5 Pro Tips for Leading Your Peers

5 Pro Tips for Leading Your Peers

We all happen to know the term “Peer Pressure” either way, picked up from our college days or workplace. Leading your peers is indeed a gem skill that comes cleaner when the days gradually pass by and you tend to get less comfortable with yourself. It is time to accept the fact that despite having obvious fear of being judged, we need to create our path anyways which has 80% to do with people and the rest 20% to do with your solitude.

Here I am with another blog on 5 pro tips for leading your peers. So tighten up your mindset belt and make a confident lift sure after reading this!

5 Pro Tips for Leading Your Peers

For leading your peers like a pro, you need to understand certain tips that is easily available on the internet, but hard to shape down into action format. My tips are genuine, and a bit old school but aren’t sluggish if you commit to them properly.

Apply Johari Window Concept

There is always quality communication that works from the word go for handling peers simultaneously rather than disseminating a quantity of information that pursue no value.  And then the Johari window concept raises an alarm in my opinion by its structure worthy to note.

This divides into four main frames that set each different communication significance. The one slide defines your public self, the second defines your private self, the third describes your blind spots and the fourth defines your unconscious self.

Now you may wonder how it matters to your peer leadership virtues. Let me explain each of them as a part of a better and deeper understanding. The first i.e., your public self determines the things that you know, the people with whom you interact daily tend to have knowledge of certain things about you and vice versa in other aspects.

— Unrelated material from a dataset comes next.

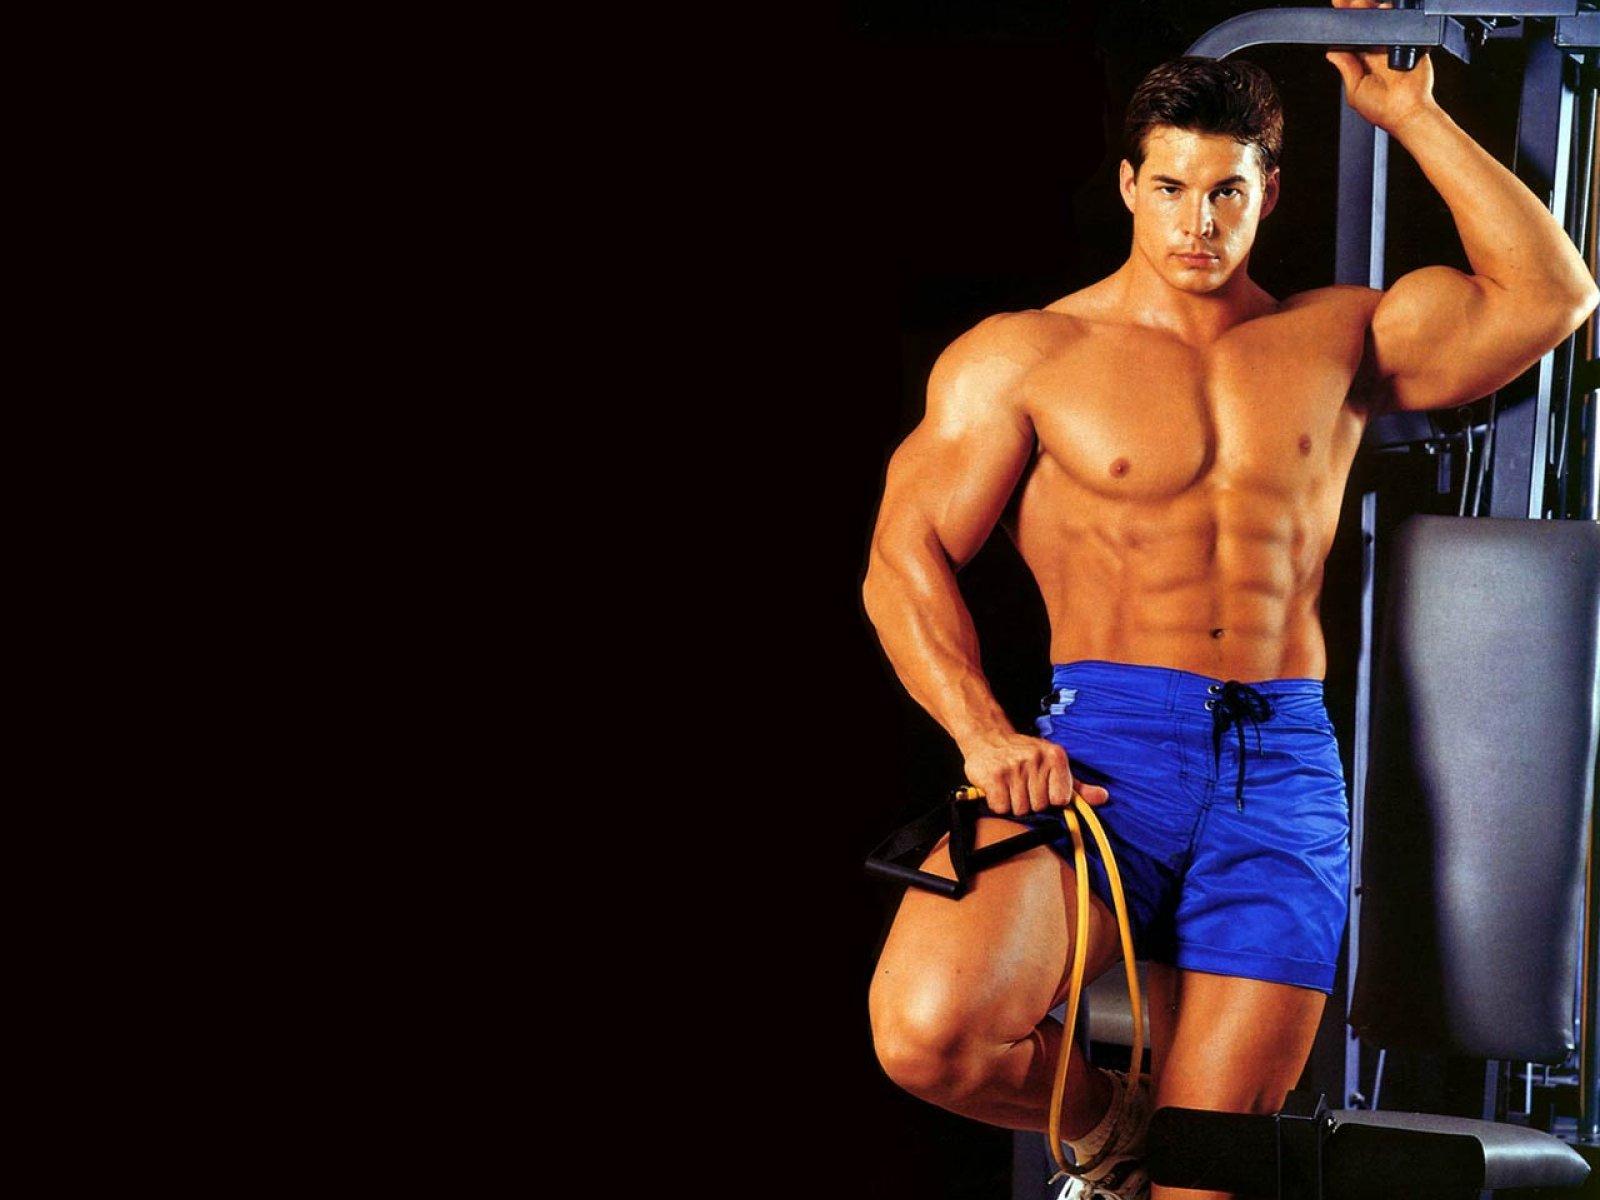 Men Body Fitness | Download Free Desktop Wallpaper Images & Pictures

Here acknowledging your public self as soon as possible bids a huge load to your ability to prove something to anybody of your age. Being self-aware of where and what to say or disclose is what will make you go with the flow while leading your peers.

Avoid Pretending

Setting a public image is different than pretending to be someone or say, just perfect. We’re human beings—this I keep on repeating because everywhere you go, if you’re always being a self-critic and over-imitator, I’m sorry to say, but it will be difficult for you to even start over an initial conversation with a group peer. So rule number one. Don’t judge yourself to an extent that goes wrong all of a sudden and rule number two. Don’t have a copy-and-paste personality.

Work with Credibility

Hard work is just the bridge to cross over, but smart work is the last extended portion of the bridge which stresses the amount of accountability you put into your work. An error done by keeping eyes and ears on don’t equal an error done by taking responsibility for the same. Your accountability does half of your job in spattering your leadership ethic into your peers’ mindset. When you act on your goals and results,  the people in your ecosystem automatically tend to trust you more on any and every matter of concern.

Politeness Comes First

People of your age or who are ahead of you in a greater sense of knowledge and skills will appreciate you only if you were humble with them. How you talk to them and how you treat them is the first and last impression of you in their mind, remember that. The only possibility to be polite naturally is to ensure staying grounded with day-to-day engagement (communication + listening) on certain issues of their interests sometimes.

Try Out the Unexpected

Inculcating the same attitude towards every project showing up at your table will eventually bore them. Experiment with how you conduct your team projects every week, make it more free-spirited and interactive so that they might get interested in making their win as your win, as well as the whole company’s win.

To Conclude…

Coming from my personal experience that I had, mastering yourself in leading your peers is not an overnight strategy. There might be times of facing ownership issues with some of your peers, disagreement on several levels of management or while trying to draw the boundary between personal and professional. But in the end, leading your peers is pushing everyone from equal strength.